Thursday, March 4, 2004

SACRED THINGS - The quote (Part 2)

     The earth is a living, conscious being. In company with cultures of many different times and places, we name these things as sacred:  air, fire, water, and earth.
      Whether we see them as the breath, energy, blood, and body of the Mother, or as the blessed gifts of a Creator, or as symbols of the interconnected systems that sustain life, we know that nothing can live without them.
      To call these things sacred is to say that they have a value beyond their usefulness for human ends, that they themselves become the standards by which our acts, our economics, our laws, and our purposes must be judged.  No one has the right to appropriate them or profit from them at the expense of others.
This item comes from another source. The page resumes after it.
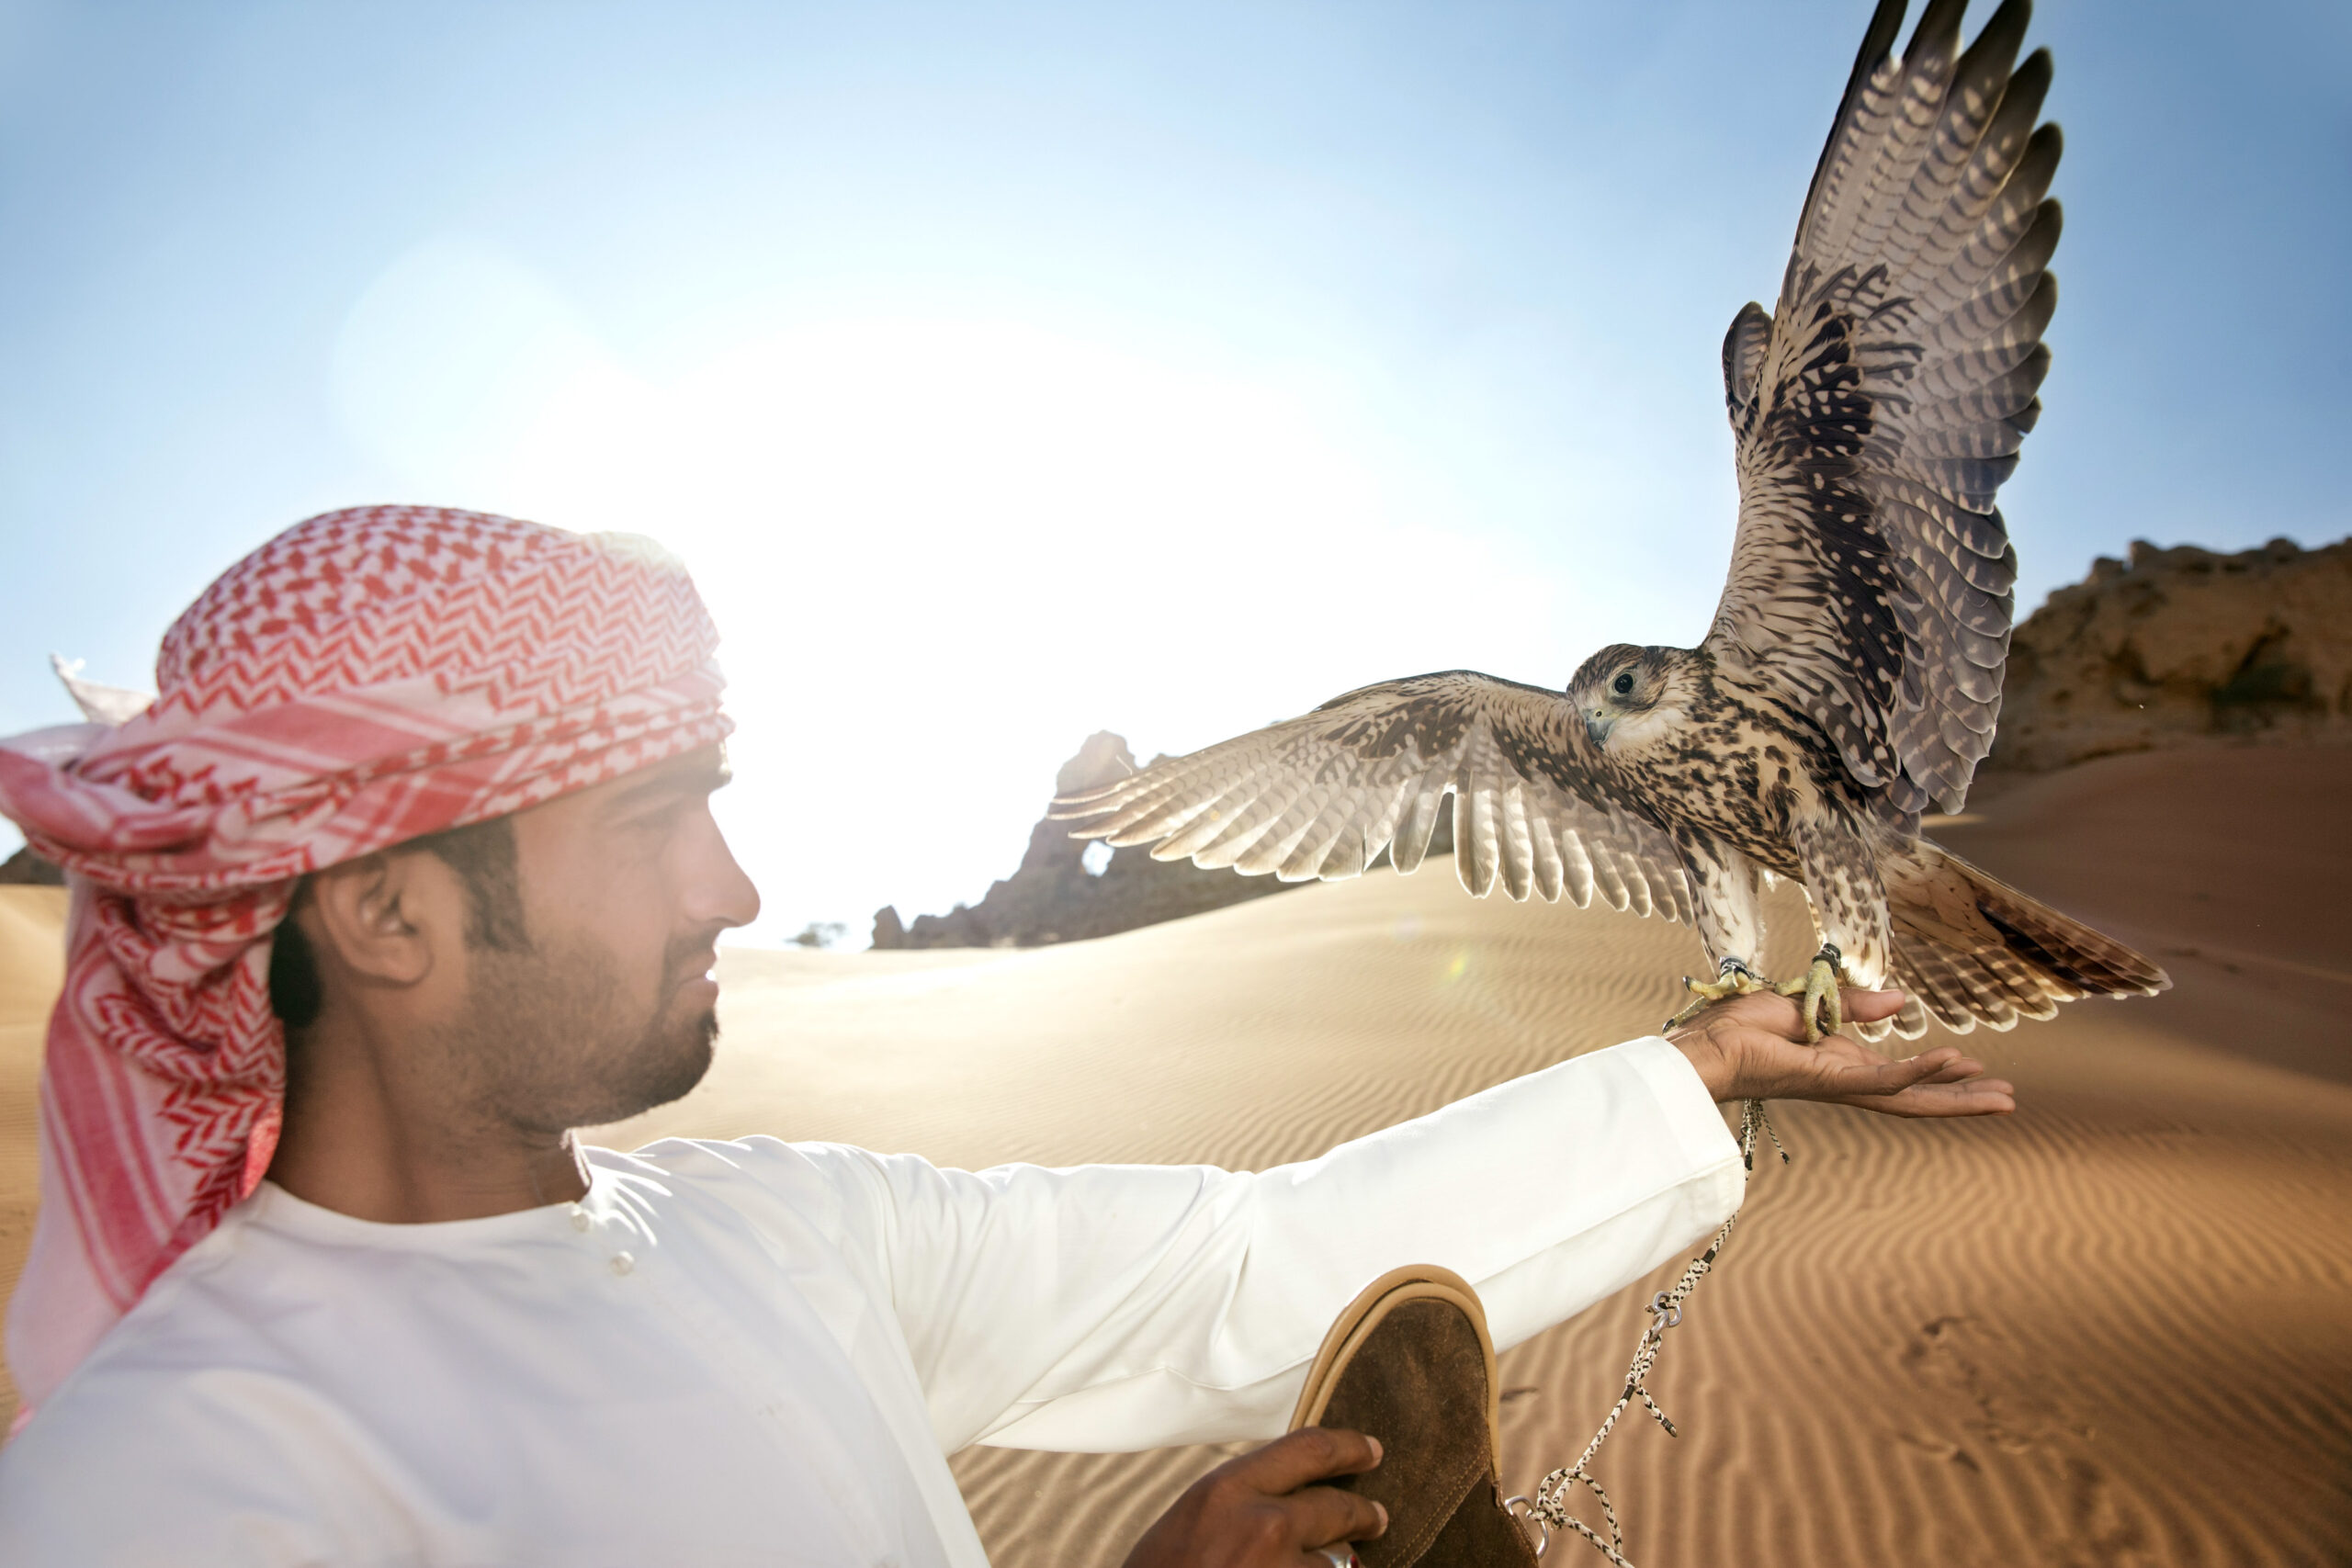 Ein Mann in traditioneller nahöstlicher Kleidung lässt in einer Wüstenlandschaft einen Falken frei; im Hintergrund scheint die Sonne, und Sanddünen sind zu sehen. © Fotografie Tomas Rodriguez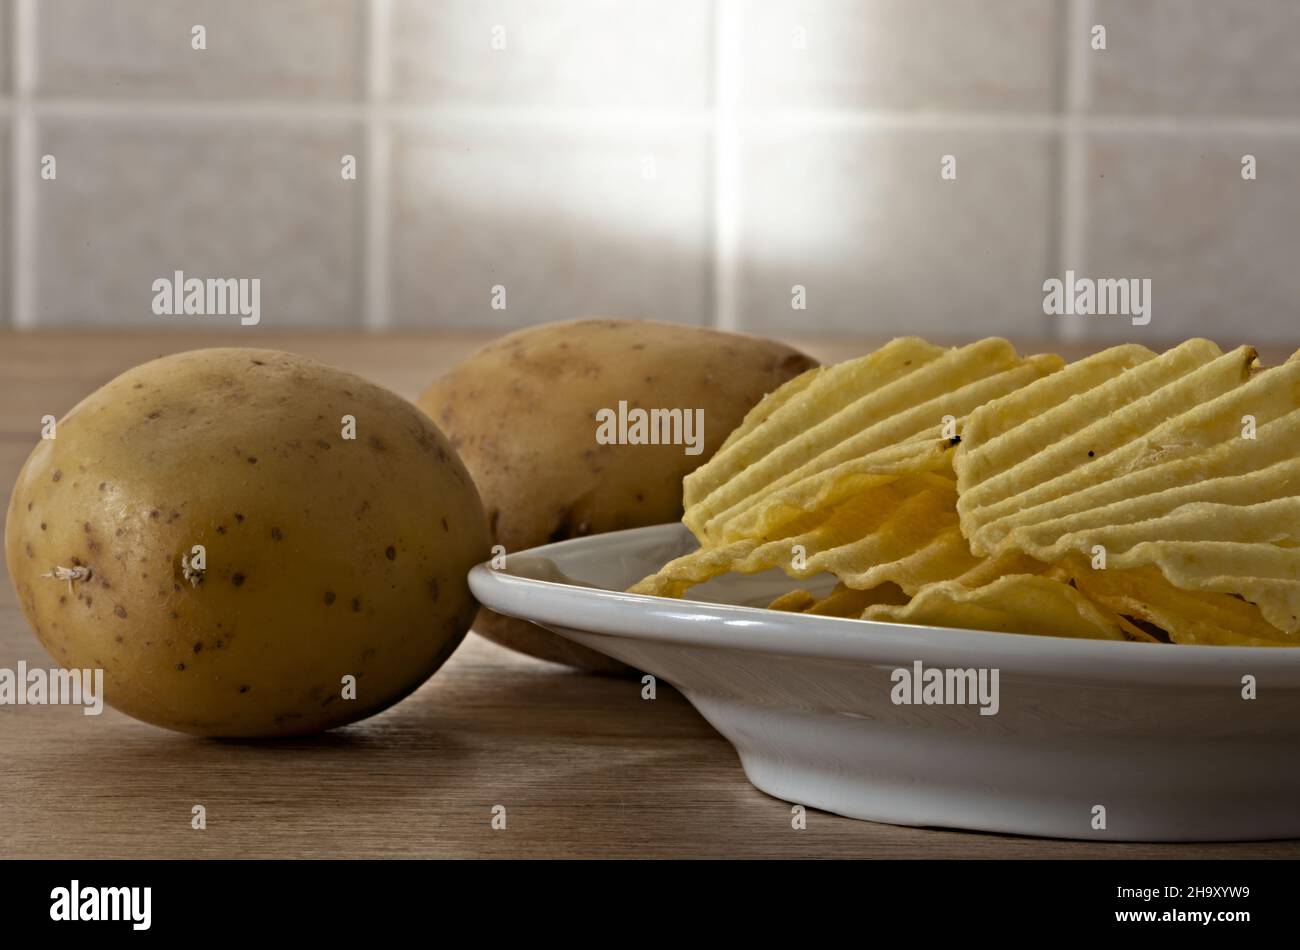 patate - patate frate nel piatto primo piano con patate fresche Banque D'Images

Any government that fails to protect them forfeits its legitimacy.
      All people, all living things, are part of the earth life, and so are sacred.  No one of us stands higher or lower than any other.  Only justice can assure balance:  only ecological balance can sustain freedom.  Only in freedom can that fifth sacred thing we call spirit flourish in its full diversity.
      To honor the sacred is to create conditions in which nourishment, sustenance, habitat, knowledge, freedom, and beauty can thrive.  To honor the sacred is to make love possible.
      To this we dedicate our curiosity, our will, our courage, our silences, and our voices.  To this we dedicate our lives.
                                Starhawk, 1993

2 comments:

Anonymous said...

I am ashamed to admit that although I wasn't environmentally irresponsible, I wasn't environmentally aware, either when I was younger. Now that I'm getting older I realize that not every mistake we make can be corrected and the environment is one of them. It's amazing how we treat the very place we live in like a dump or a toilet. This is the one area where we can all make a difference, no matter how little it seems. Thanks for focusing on this very important issue.

Anonymous said...

This is absolutely beautiful. I see a trace of God/dess in every natural creation, and this entry has reminded me to look for that trace and to hold our world more sacred.